The Covtype dataset (581k samples, 54 features) is preprocessed with MinMaxScaler followed by Normalizer to match the experimental setup from the original Tensor Sketch paper: Min-max scaling to [0, 1] ensures all features have comparable ranges before the polynomial expansion, while L2 normalization to unit length ensures that the polynomial kernel value depends only on the angle between feature vectors, not their magnitudes. The accuracy comparison shows that PolynomialCountSketch with sufficient components (typically 10x the original feature count) approaches the accuracy of the exact kernelized SVM while training orders of magnitude faster. The degree=4 and coef0=0 parameters match the homogeneous polynomial kernel k(x,y) = (x^T y)^4, and the stochastic nature of the sketch means results vary between runs.

# Authors: The scikit-learn developers
# SPDX-License-Identifier: BSD-3-Clause

# %%
# Preparing the data
# ------------------
#
# Load the Covtype dataset, which contains 581,012 samples
# with 54 features each, distributed among 6 classes. The goal of this dataset
# is to predict forest cover type from cartographic variables only
# (no remotely sensed data). After loading, we transform it into a binary
# classification problem to match the version of the dataset in the
# LIBSVM webpage [2]_, which was the one used in [1]_.

from sklearn.datasets import fetch_covtype

X, y = fetch_covtype(return_X_y=True)

y[y != 2] = 0
y[y == 2] = 1  # We will try to separate class 2 from the other 6 classes.

# %%
# Partitioning the data
# ---------------------
#
# Here we select 5,000 samples for training and 10,000 for testing.
# To actually reproduce the results in the original Tensor Sketch paper,
# select 100,000 for training.

from sklearn.model_selection import train_test_split

X_train, X_test, y_train, y_test = train_test_split(
    X, y, train_size=5_000, test_size=10_000, random_state=42
)

# %%
# Feature normalization
# ---------------------
#
# Now scale features to the range [0, 1] to match the format of the dataset in
# the LIBSVM webpage, and then normalize to unit length as done in the
# original Tensor Sketch paper [1]_.

from sklearn.pipeline import make_pipeline
from sklearn.preprocessing import MinMaxScaler, Normalizer

mm = make_pipeline(MinMaxScaler(), Normalizer())
X_train = mm.fit_transform(X_train)
X_test = mm.transform(X_test)

# %%
# Establishing a baseline model
# -----------------------------
#
# As a baseline, train a linear SVM on the original features and print the
# accuracy.
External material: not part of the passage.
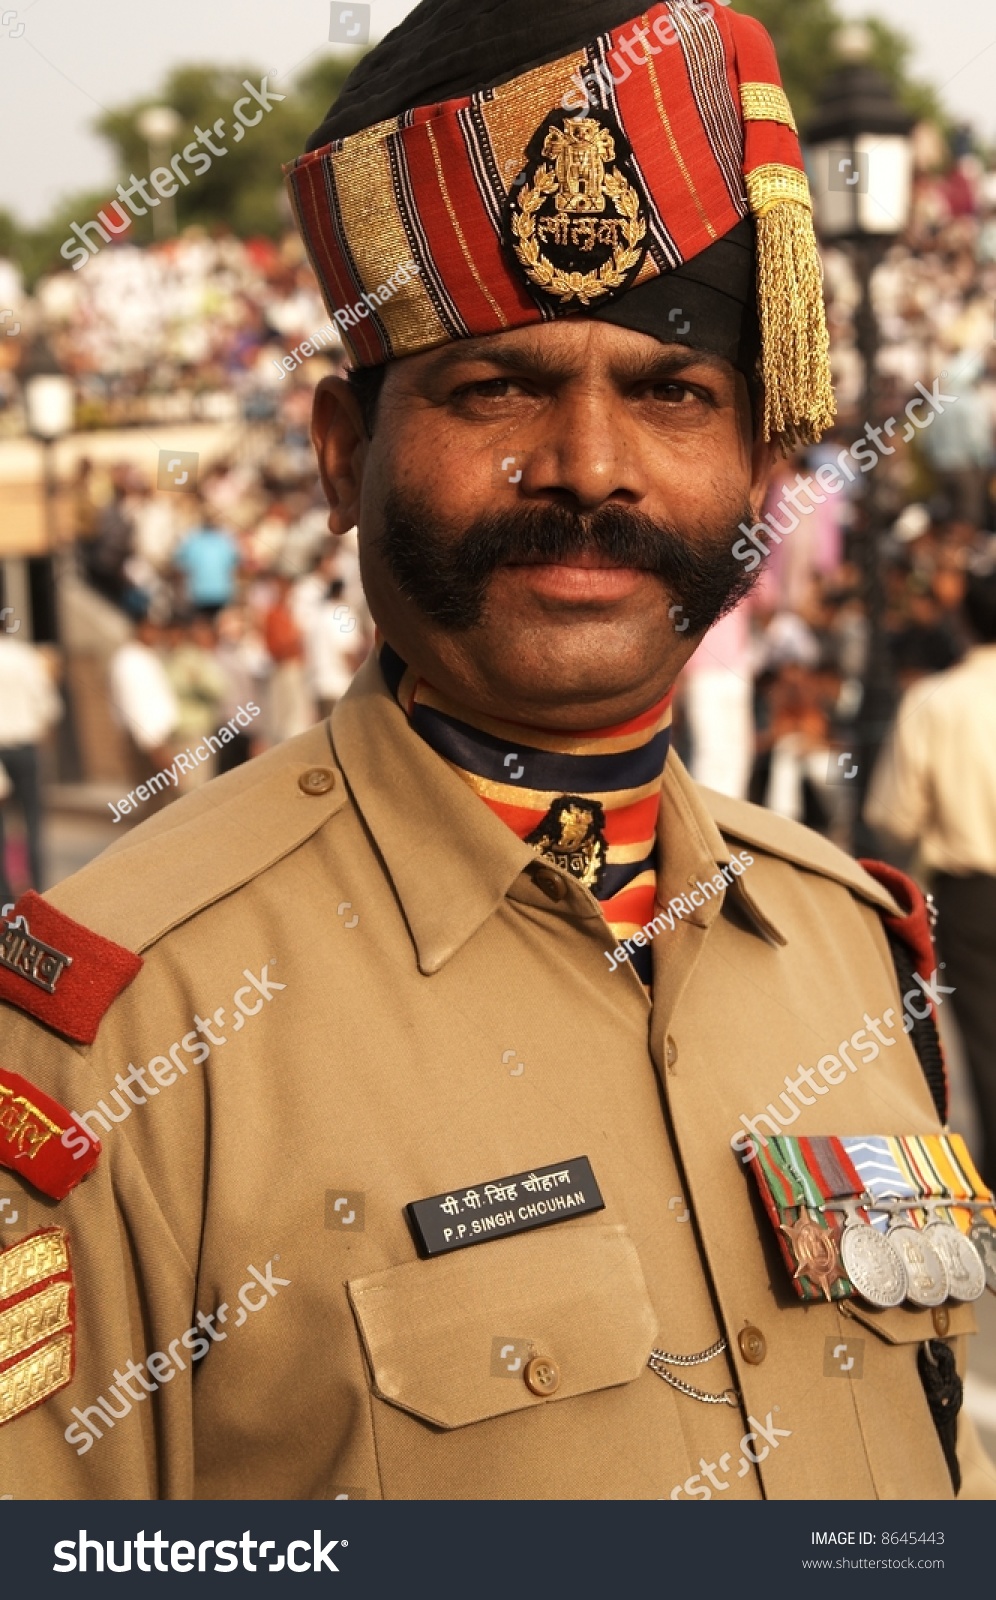 Imposing Indian Soldier With Bushy Mustache In Dress Uniform Wagah Boarder Post Between India And Pakistan Chauhan and answer by mr. https www shutterstock com de image photo imposing indian soldier bushy mustache dress 8645443

We also measure and store accuracies and training times to
# plot them later.

import time

from sklearn.svm import LinearSVC

results = {}

lsvm = LinearSVC()
start = time.time()
lsvm.fit(X_train, y_train)
lsvm_time = time.time() - start
lsvm_score = 100 * lsvm.score(X_test, y_test)

results["LSVM"] = {"time": lsvm_time, "score": lsvm_score}
print(f"Linear SVM score on raw features: {lsvm_score:.2f}%")

# %%
# Establishing the kernel approximation model
# -------------------------------------------
#
# Then we train linear SVMs on the features generated by
# :class:`PolynomialCountSketch` with different values for `n_components`,
# showing that these kernel feature approximations improve the accuracy
# of linear classification. In typical application scenarios, `n_components`
# should be larger than the number of features in the input representation
# in order to achieve an improvement with respect to linear classification.
# As a rule of thumb, the optimum of evaluation score / run time cost is
# typically achieved at around `n_components` = 10 * `n_features`, though this
# might depend on the specific dataset being handled. Note that, since the
# original samples have 54 features, the explicit feature map of the
# polynomial kernel of degree four would have approximately 8.5 million
# features (precisely, 54^4). Thanks to :class:`PolynomialCountSketch`, we can
# condense most of the discriminative information of that feature space into a
# much more compact representation. While we run the experiment only a single time
# (`n_runs` = 1) in this example, in practice one should repeat the experiment several
# times to compensate for the stochastic nature of :class:`PolynomialCountSketch`.

from sklearn.kernel_approximation import PolynomialCountSketch

n_runs = 1
N_COMPONENTS = [250, 500, 1000, 2000]

for n_components in N_COMPONENTS:
    ps_lsvm_time = 0
    ps_lsvm_score = 0
    for _ in range(n_runs):
        pipeline = make_pipeline(
            PolynomialCountSketch(n_components=n_components, degree=4),
            LinearSVC(),
        )

        start = time.time()
        pipeline.fit(X_train, y_train)
        ps_lsvm_time += time.time() - start
        ps_lsvm_score += 100 * pipeline.score(X_test, y_test)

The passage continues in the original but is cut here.